With foundational background in dynamically typed programming languages, I’m struggling to return to phrases with static typing.
Static typing itself would have been high-quality if it wasn’t inflicting the necessity to both violate the DRY precept, or use performance-costly reflection in sure conditions. Like on this one:
Say we have to write a video stream parser. Video binary knowledge is comprised of frames, every having a kind, a sure header construction and a payload. My CCTV cameras produce streams of 5 body sorts (video key, video non-key, audio, nonetheless image and data), however for simplicity let’s take into account solely 2, simplified sorts. Full instance with some pretend knowledge:
bundle predominant
import (
"fmt"
"encoding/binary"
"bytes"
"io"
)
sort Kind byte
const (
Video Kind = 0xFC
Audio Kind = 0xFA
)
var HMap = map[Type]string {
Video: "Video",
Audio: "Audio",
}
sort CommonHeader struct {
Kind Kind
}
sort Header interface {
GetLength() int
}
sort HeaderVideo struct {
Width uint16
Peak uint16
Size uint32
}
sort HeaderAudio struct {
SampleRate uint16
Size uint16
}
func (h HeaderVideo) GetLength() int {
return int(h.Size)
}
func (h HeaderAudio) GetLength() int {
return int(h.Size)
}
var TMap = map[Type]func() Header {
Video: func() Header { return &HeaderVideo{} },
Audio: func() Header { return &HeaderAudio{} },
}
func predominant() {
knowledge := bytes.NewReader([]byte{0xFC, 0x80, 0x07, 0x38, 0x04, 0x02, 0x00, 0x00, 0x00, 0xFF, 0xAF, 0xFA, 0x10, 0x00, 0x01, 0x00, 0xFF})
var cHeader CommonHeader
for {
err := binary.Learn(knowledge, binary.LittleEndian, &cHeader)
if err != nil {
break
}
fmt.Println(HMap[cHeader.Type])
body := TMap[cHeader.Type]()
binary.Learn(knowledge, binary.LittleEndian, body)
fmt.Println(body)
payload := make([]byte, body.GetLength())
io.ReadFull(knowledge, payload)
fmt.Println(payload)
}
}
See — precisely the identical implementation of the GetLength()
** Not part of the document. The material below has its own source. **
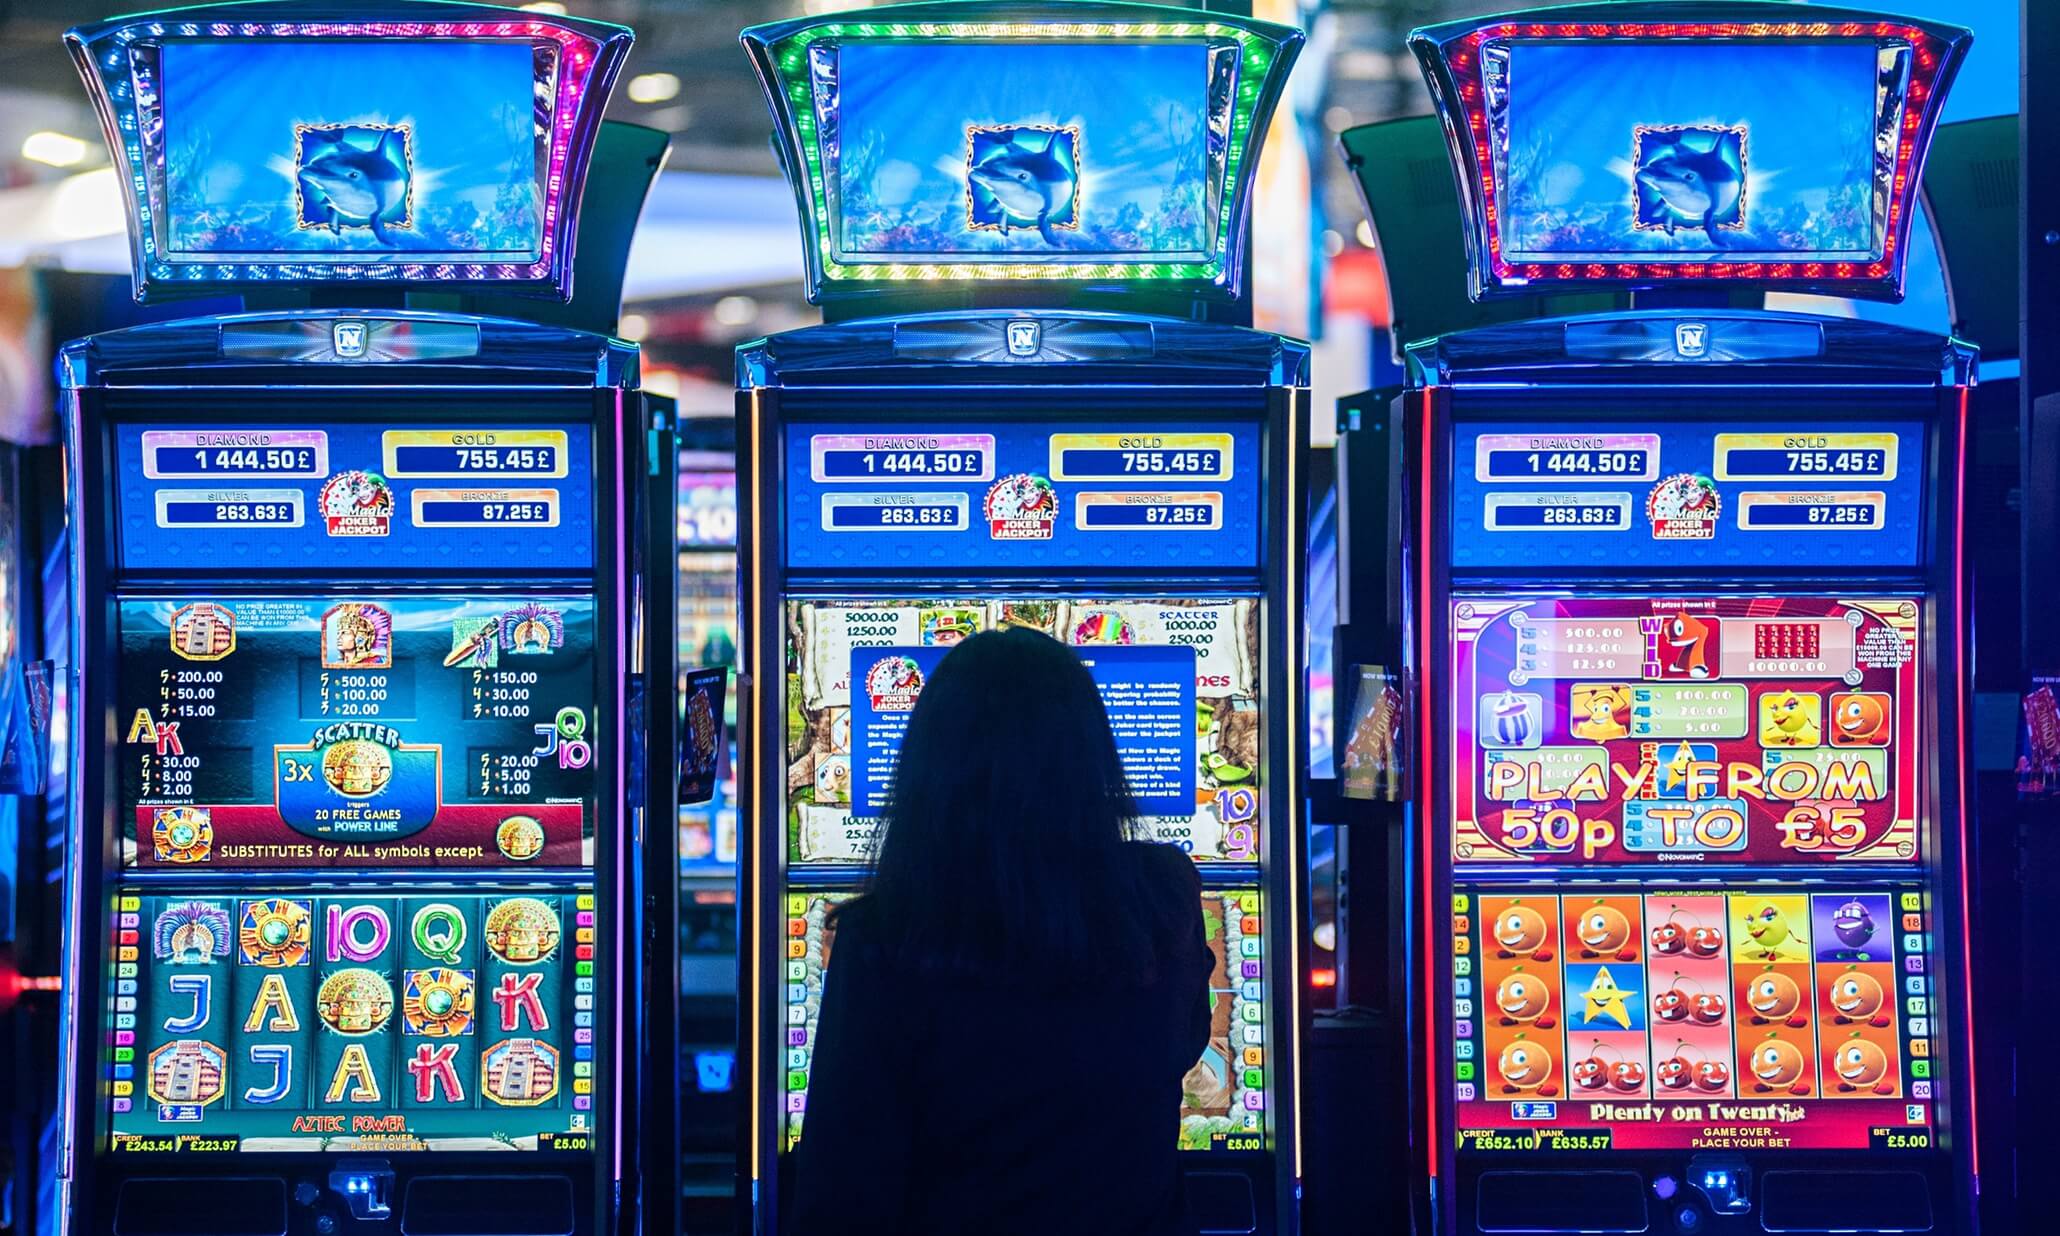 R. Paul Wilson On: Why Slots are a Game of Cat and Mouse for Cheaters and The House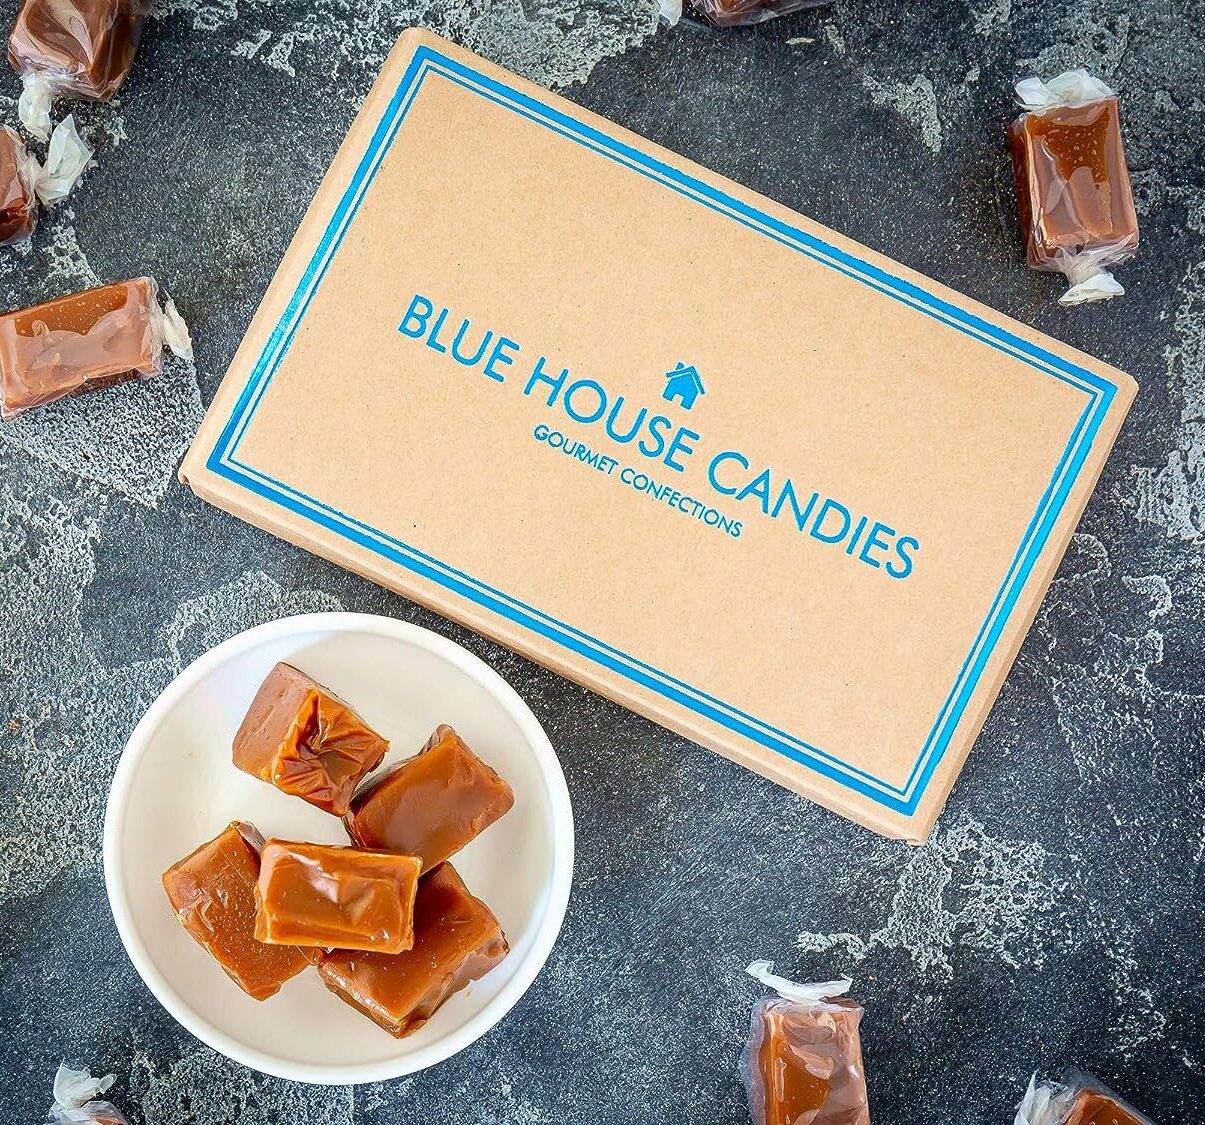 Blue House Soft and Chewy Handcrafted Gourmet Caramel Candies, Gift Boxed (Original Caramels),1 pound

methodology must be repeated for every body sort. Not an enormous deal I hear you say. Certainly, on this case. Even when repeated 5 instances in the actual code (5 body sorts). However the reality stays: the code can’t be DRYed in precept. Until utilizing reflection:
func GetLength(body any) int {
return int(mirror.ValueOf(body).Elem().FieldByName("Size").Uint())
}
var TMap = map[Type]func() any {
Video: func() any { return &HeaderVideo{} },
Audio: func() any { return &HeaderAudio{} },
}
So, I’m simply questioning: how do the present authors of Go see this drawback? Is it recognised? Will it’s tackled in some unspecified time in the future? Or do they not see it an issue in any respect?